Muchos de nosotros no tuvimos los padres cariñosos y protectores que merecíamos. Tal vez
estuvieran preocupados, enfadados, asustados o deprimidos. Tal vez nacimos en el momento
equivocado , en una época de fricción, pérdida o estrechez económica. Tal vez quienes
debían cuidarnos, estaban inmersos en su propio trauma y no siempre respondían a nuestras
necesidades de atención y afecto. Tal vez, nunca nos cogieron en brazos y nos dijeron:
“Siempre quisimos un hijo como tú” Así que con poco tiempo de vida, me llevaron con mis tíos paternos al Norte, mientras mis
jóvenes padres se recomponían. Él hacia la mili, ella se quedó "esperándole" en casa.
Nadie me explicó nunca los motivos, los pros o los contras de la decisión de mi marcha lejos
de mis padres biológicos. No sé porque me entregaron nada más nacer.
He visto fotografías, cartas, pero nunca una explicación por ninguna de las partes.
Como tantos otros vacíos en mi historia biográfica.
Un día se presentaron dos chicos jóvenes muy modernos en casa, vestían con pantalones
acampanados, melenas largas y echaban mal olor a tabaco. Así sin más, mi estable y
tranquila vida, mi pequeño y relajado mundo cambió de un día a otro.

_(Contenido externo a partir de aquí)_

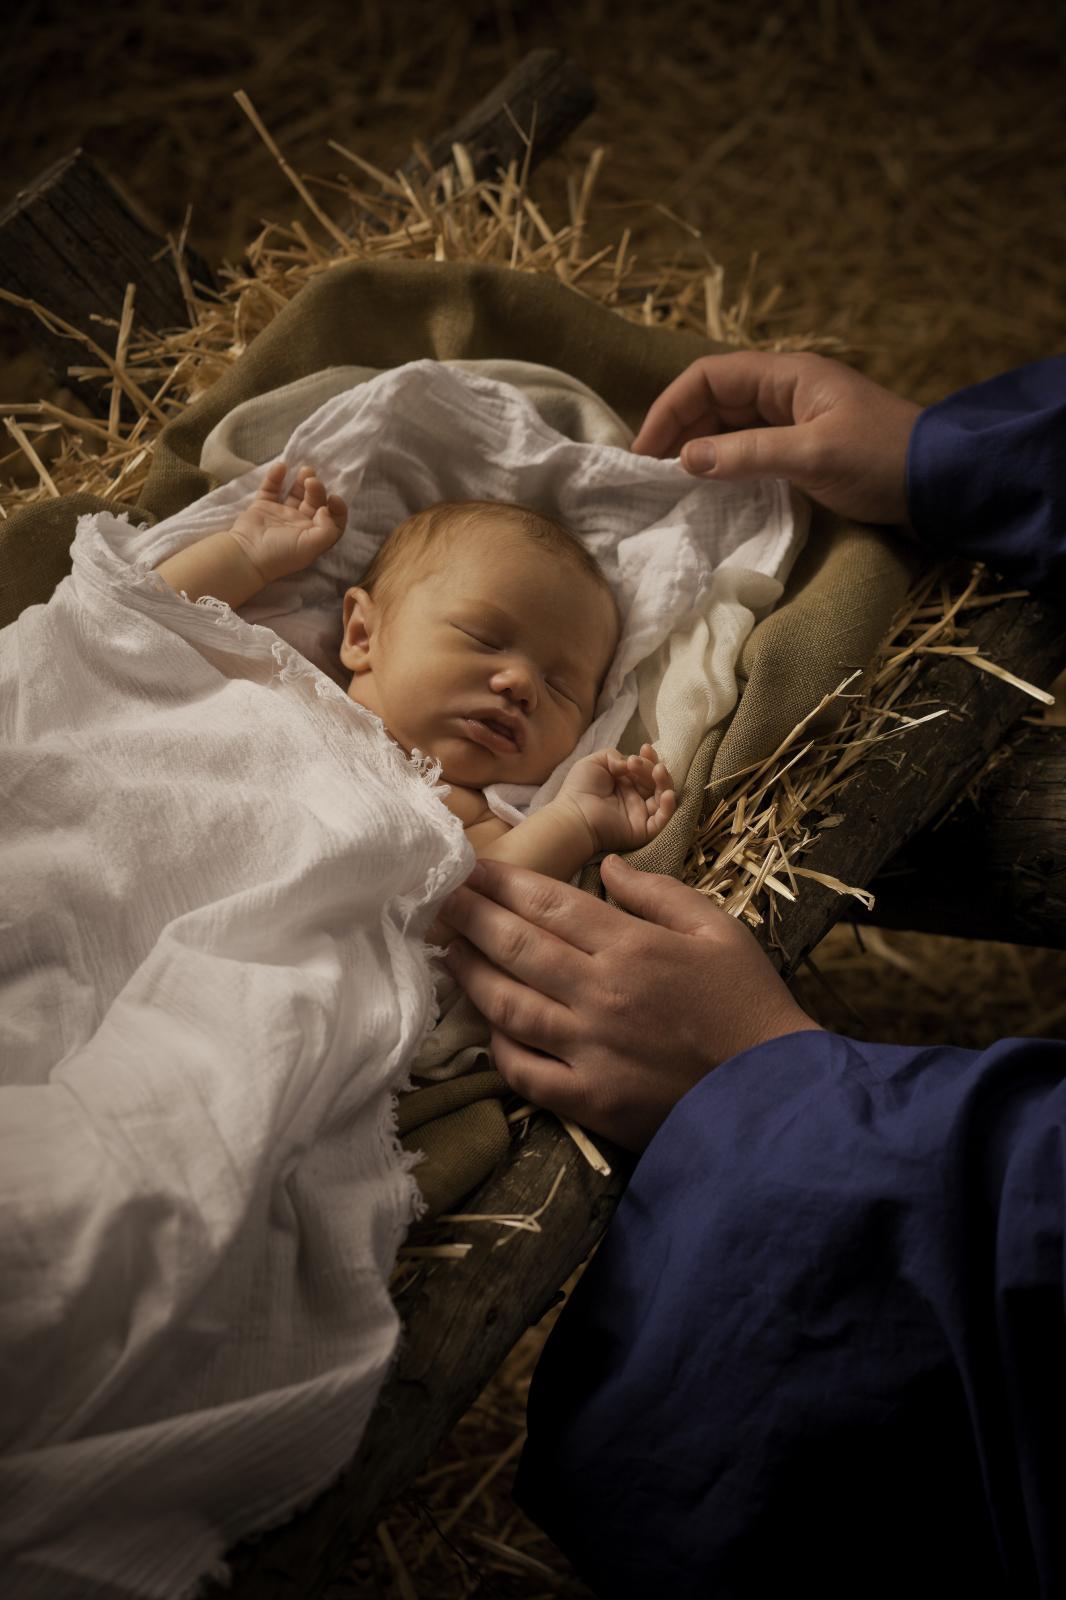 Baby jesus - Child jesus images download ...

Cambié de referentes de la noche al día. Pasaba de unos dulces y atentos padres, que me mimaban
explicaban cuentos y traían regalos cada día del trabajo; que me lavaban a diaria y me cambiaban
de ropa y peinaban mirando constantemente por mis necesidades; a unos jóvenes modernos, que apenas
se alimentaban de lomo y patatas fritas; se lavaban una vez a la semana y tenían constantes
broncas llegando incluso a las manos.
Un día me levantaba con mis referentes de siempre, y esa misma noche me acostaban unos
desconocidos que no me conocían de nada. Me dijeron: éstos son tus padres, que han venido a
buscaste. Inolvidable.
Después de cuatro años de convivir como una niña amada, pasé a vivir con mis padres
biológicos una vida de carencias físicas y emocionales. Con unos padres jóvenes e inmaduros
que habían decidido afianzar erróneamente su matrimonio ampliando la familia. Así llegaron
mis queridos hermanos, que, me acompañarían en esa errónea vida familiar.